Produzenten, die das Budget nicht einhalten, die aus reiner Menschenfreundlichkeit zu jeder zusätzlichen Idee und jedem unerwarteten Kostenfaktor ja sagen, gehen verschuldet aus der Produktion heraus und müssen möglicherweise sogar Konkurs anmelden.
Regisseure, die bei jeder kreativen Entscheidung und sei es nur die Frage, ob man als Requisite einen oder fünf Blumensträuße im Bild braucht, nachrechnen, ob das noch im Budget liegt, blockieren ihre Kreativität vollends und arbeiten gegen ihr Projekt. (Eine Hochzeitsszene lässt sich nun einmal nicht glaubwürdig erzählen, wenn es nur einen einzigen Blumenstrauß gibt...)

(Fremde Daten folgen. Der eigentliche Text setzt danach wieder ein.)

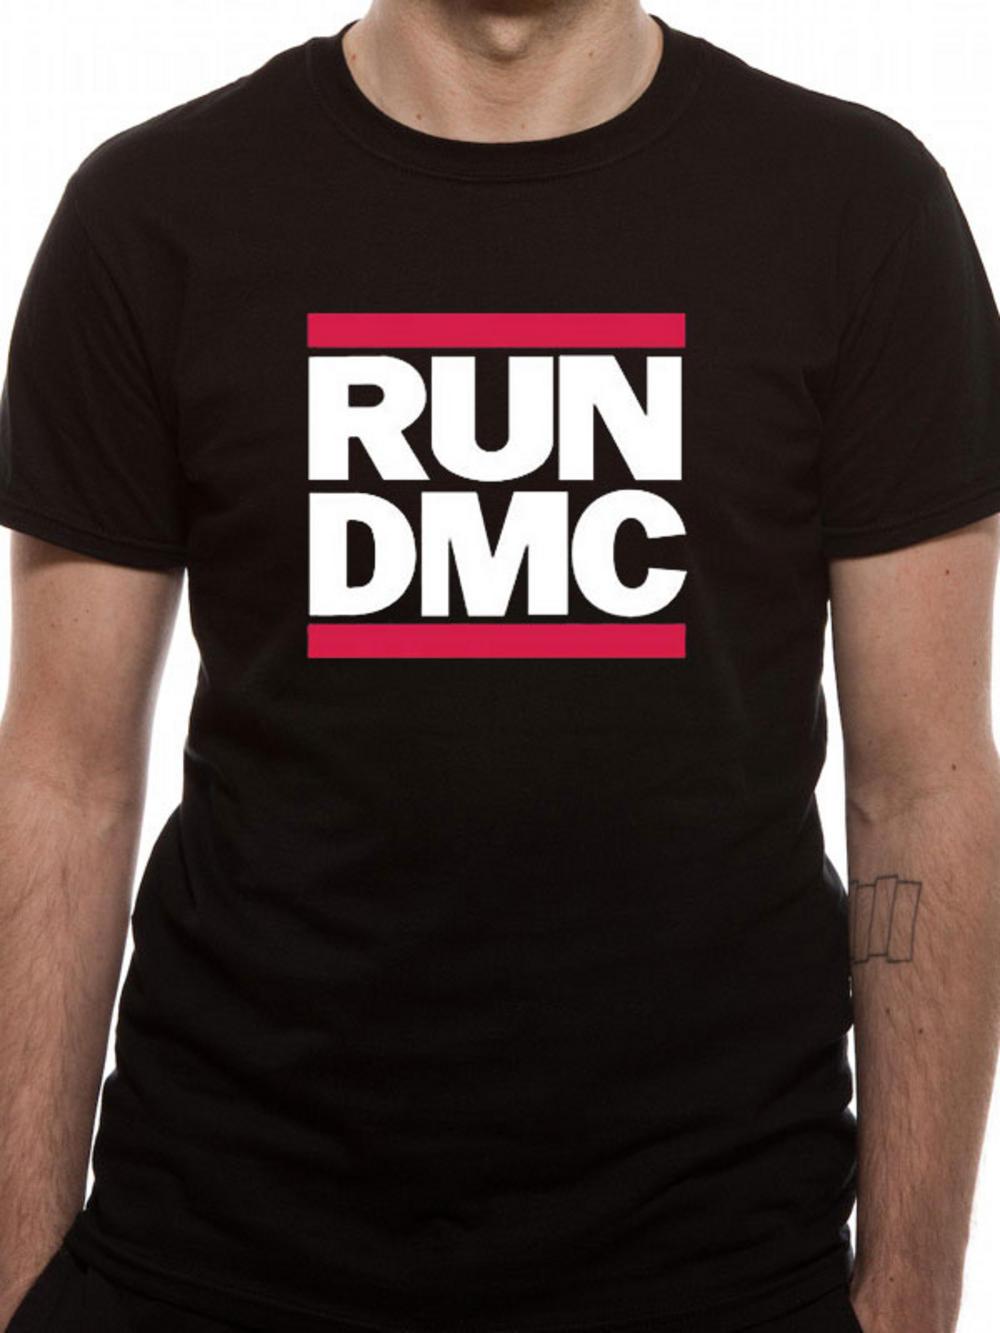 run dmc logo t shirt tm shop. Black Bedroom Furniture Sets. Home Design Ideas

Kreative Produzenten versuchen, die Ausgabensituation möglichst auszubalancieren. Wenn es in einem Bereich Mehrausgaben gibt, müssen sie in einem anderen Bereich einsparen. Insbesondere der "Einkauf" von Personal, Dienstleistungen und Waren für eine Produktion erlaubt hier gewisse Spielräume.
Kostenbewusste Regisseure versuchen durch genaue Vorplanung des Aufwands, insbesondere in den Bereichen Ausstattung und Technik, die Kostenseite für die Produktion vorhersehbar und transparent zu machen. Sie beharren nicht auf übertrieben teure Ideen oder Drehorte, wägen ab, was zwingen für die Geschichte gebraucht wird und was verzichtbar ist. Wenn man auf der einen Seite spart kann man auf einer anderen Seite vielleicht mehr investieren.
Alternativen
Überall in der Welt haben Regisseure versucht, aus diesem Spannungsfeld zwischen Kreativität und Wirtschaftszwängen auszubrechen, haben Independent-Firmen gegründet, haben das Autorenkino geschaffen. Für die meisten unter ihnen wurde im Laufe der Zeit jedoch klar, dass die bloße Personalunion zweier Schlüsselpositionen (Produktion und Regie) nicht vor Gefahren wie Budgetüberziehungen oder Filmen, die am Zuschauer vorbei produziert werden, schützt.
Im Idealfall sollten sich Menschen zusammentun, die gut miteinander arbeiten können, die sich mögen und respektieren und gemeinsam das Ziel haben, gute Filme herzustellen. Dann bestehen große Chancen, dass Regie und Produktion sich sinnvoll ergänzen.